*Task*. In duplicating the lines below, keep every word unchanged and drop the pictures.

*Material to process*.
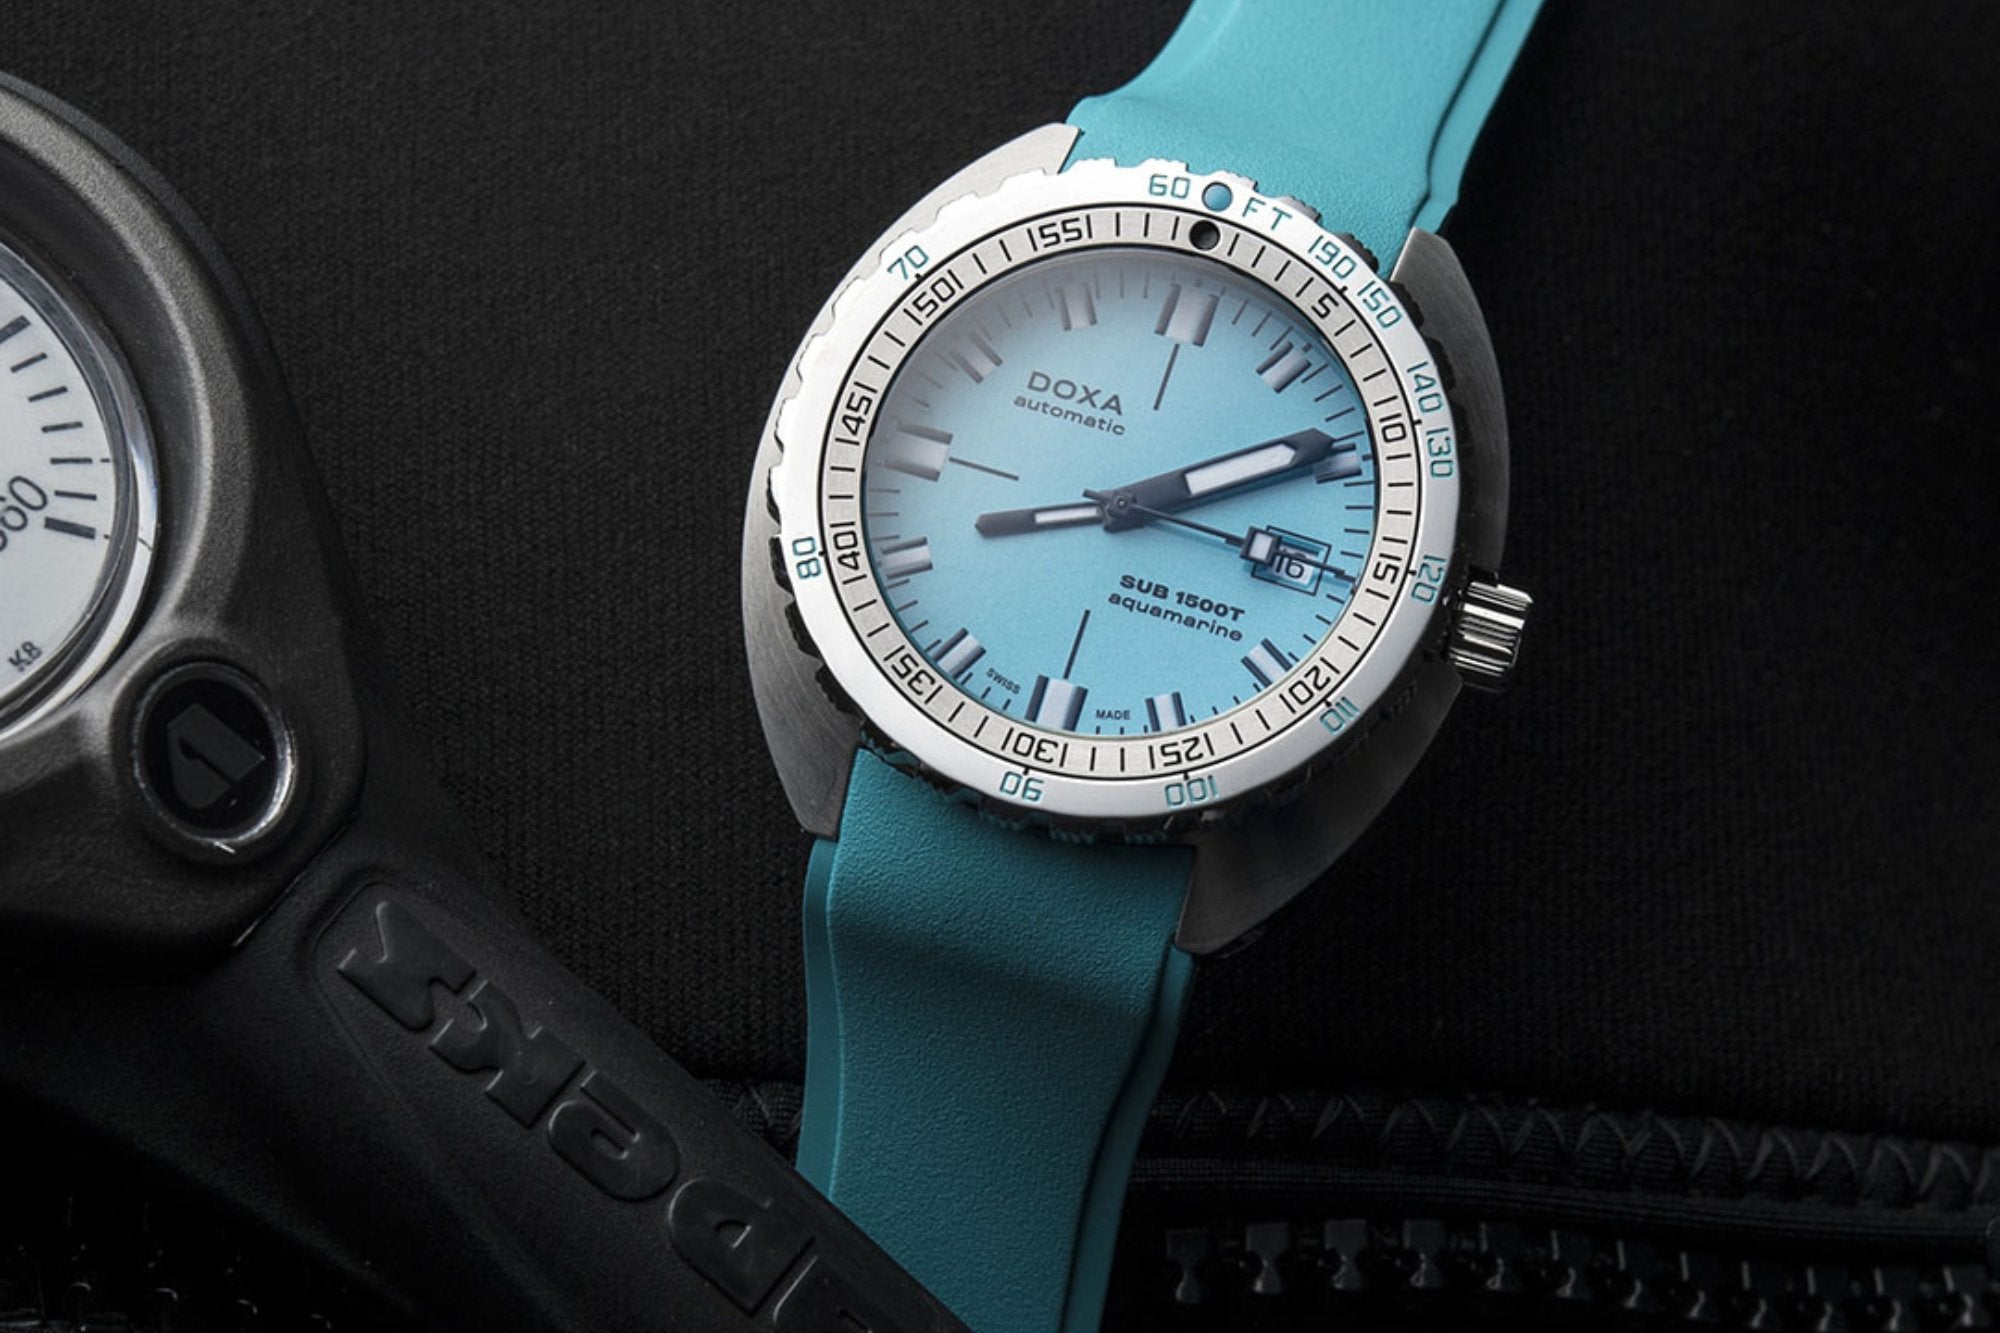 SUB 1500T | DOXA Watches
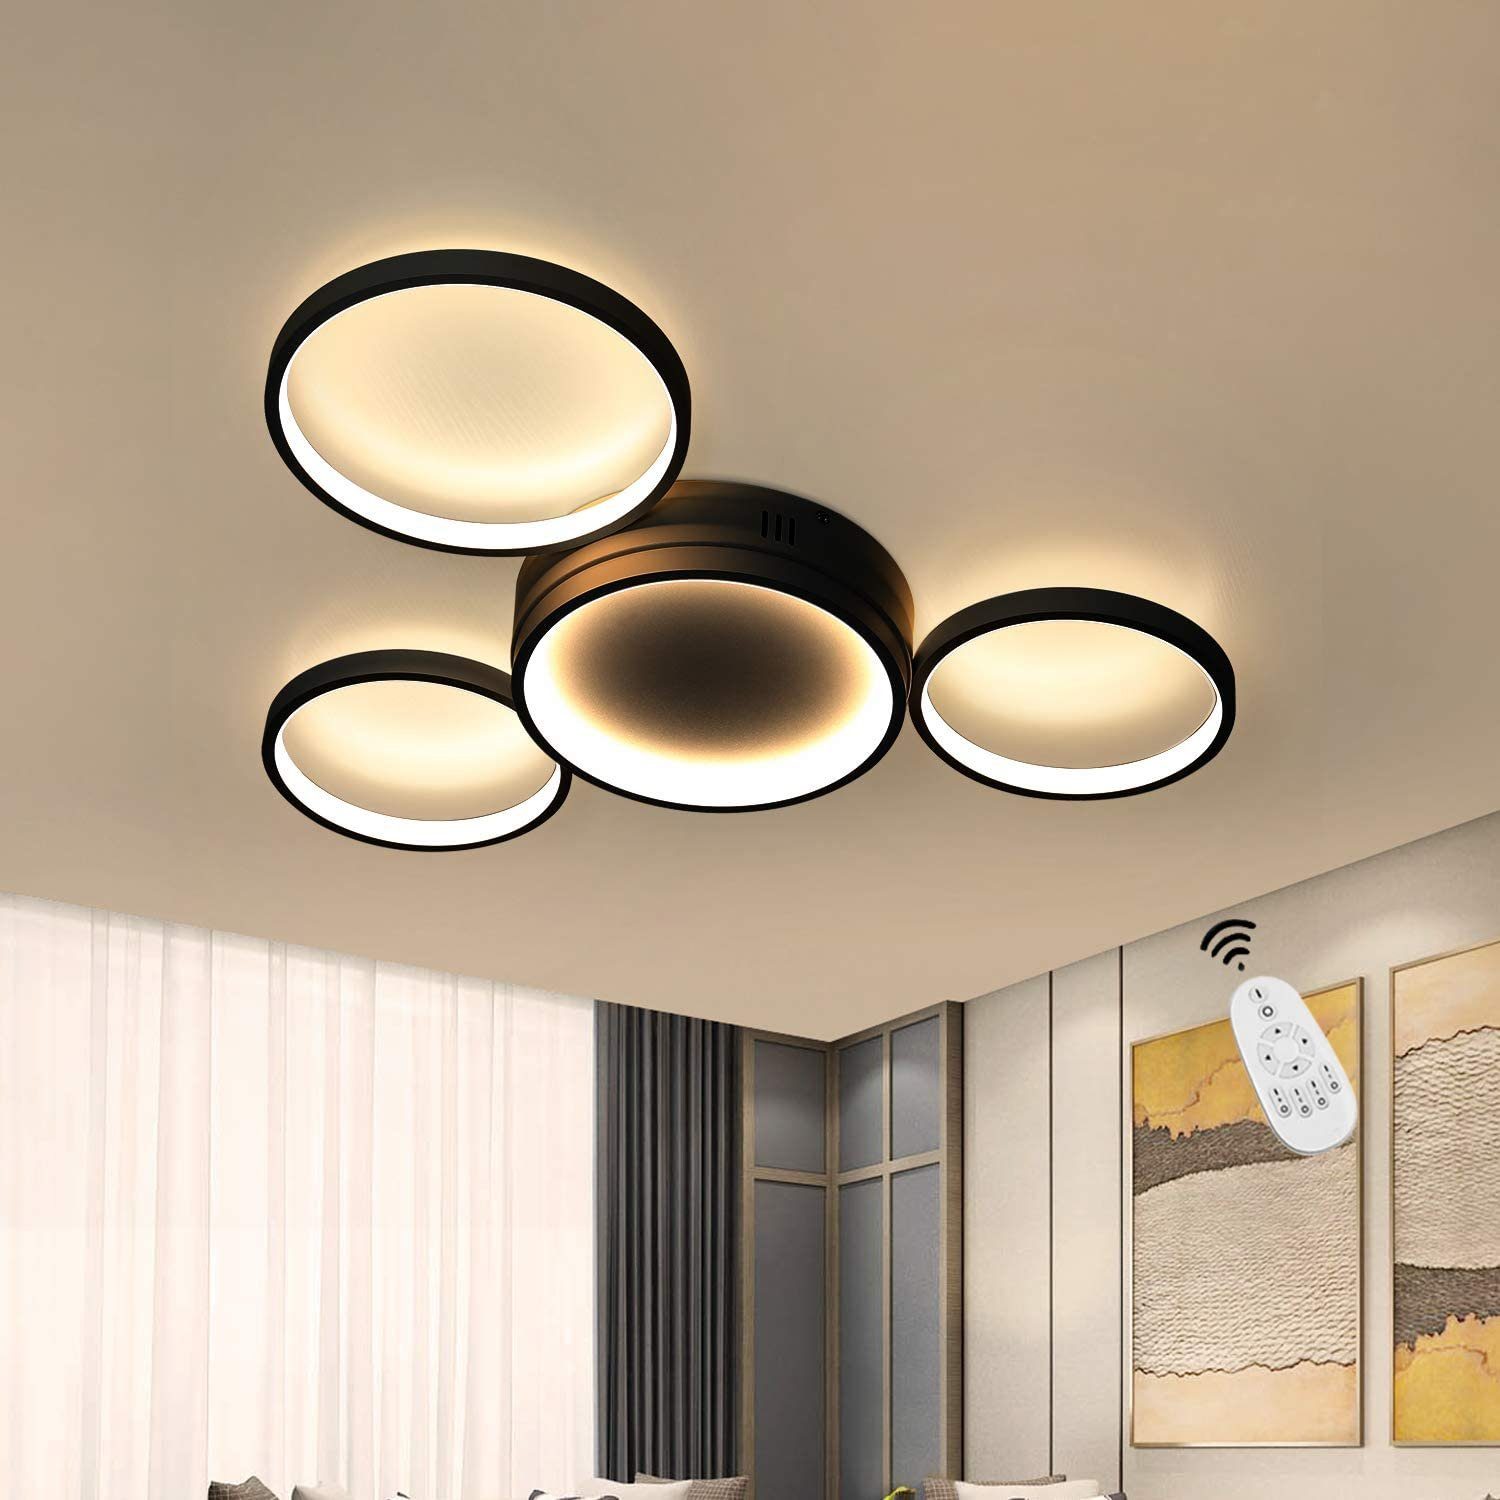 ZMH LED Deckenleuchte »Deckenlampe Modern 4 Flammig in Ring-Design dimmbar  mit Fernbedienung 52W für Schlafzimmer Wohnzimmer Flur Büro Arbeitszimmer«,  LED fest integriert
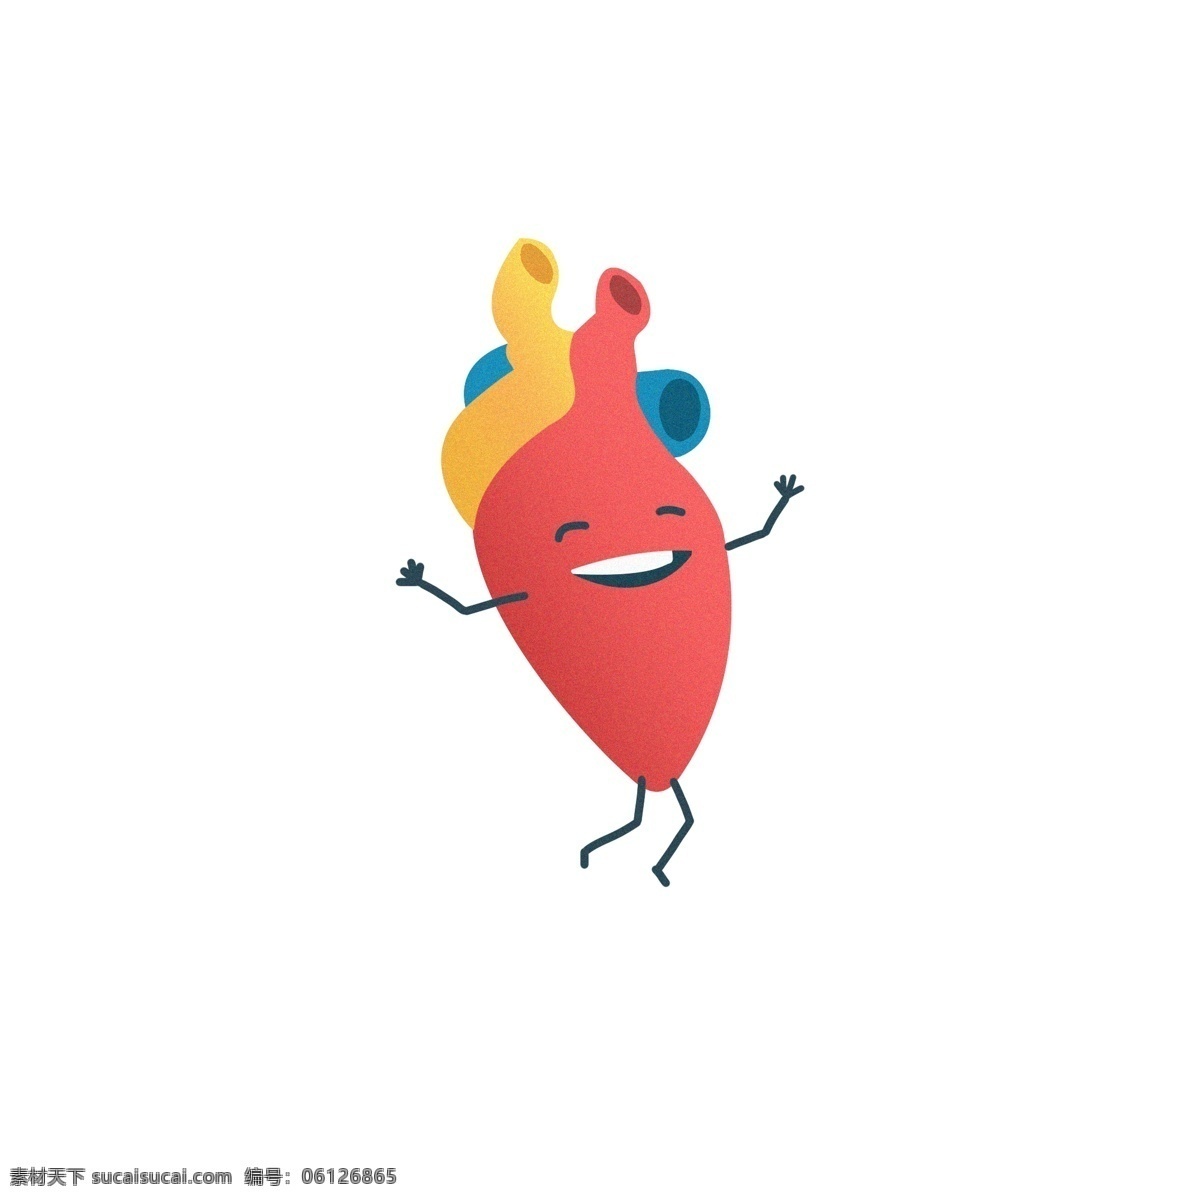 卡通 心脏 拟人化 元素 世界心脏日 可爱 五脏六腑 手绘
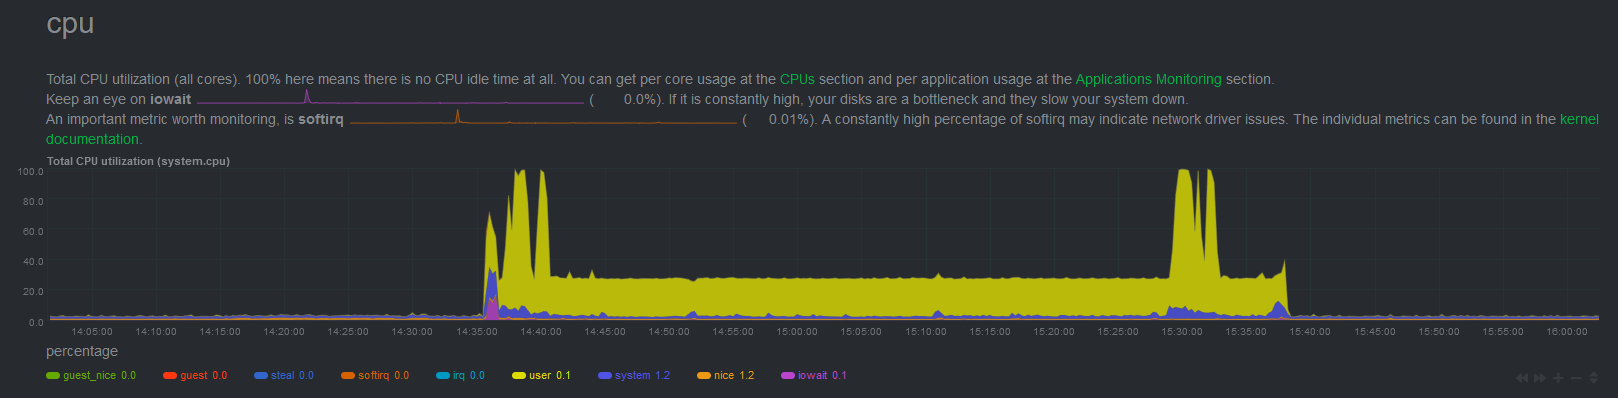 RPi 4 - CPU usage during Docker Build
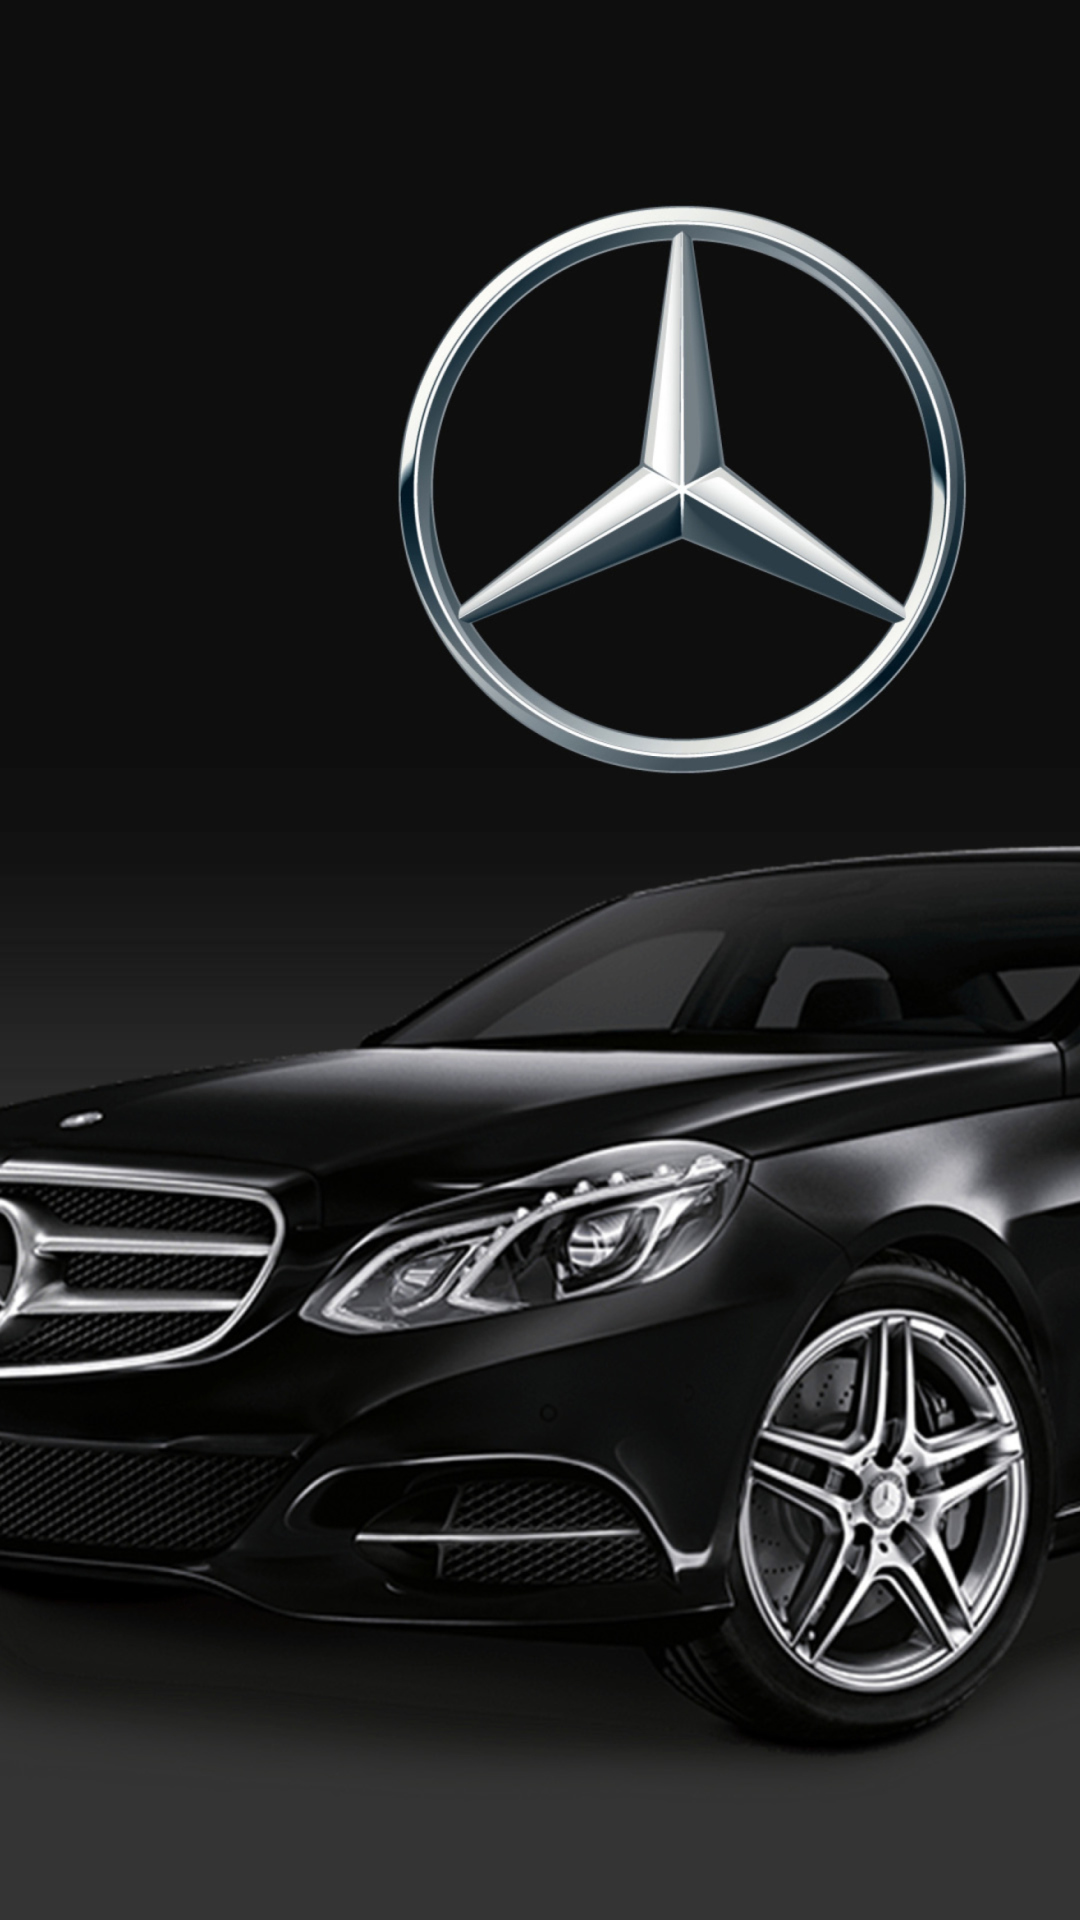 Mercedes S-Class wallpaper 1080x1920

*Answer section*.
 SUB 1500T | DOXA Watches
 ZMH LED Deckenleuchte »Deckenlampe Modern 4 Flammig in Ring-Design dimmbar  mit Fernbedienung 52W für Schlafzimmer Wohnzimmer Flur Büro Arbeitszimmer«,  LED fest integriert
 卡通 心脏 拟人化 元素 世界心脏日 可爱 五脏六腑 手绘
 RPi 4 - CPU usage during Docker Build
 Mercedes S-Class wallpaper 1080x1920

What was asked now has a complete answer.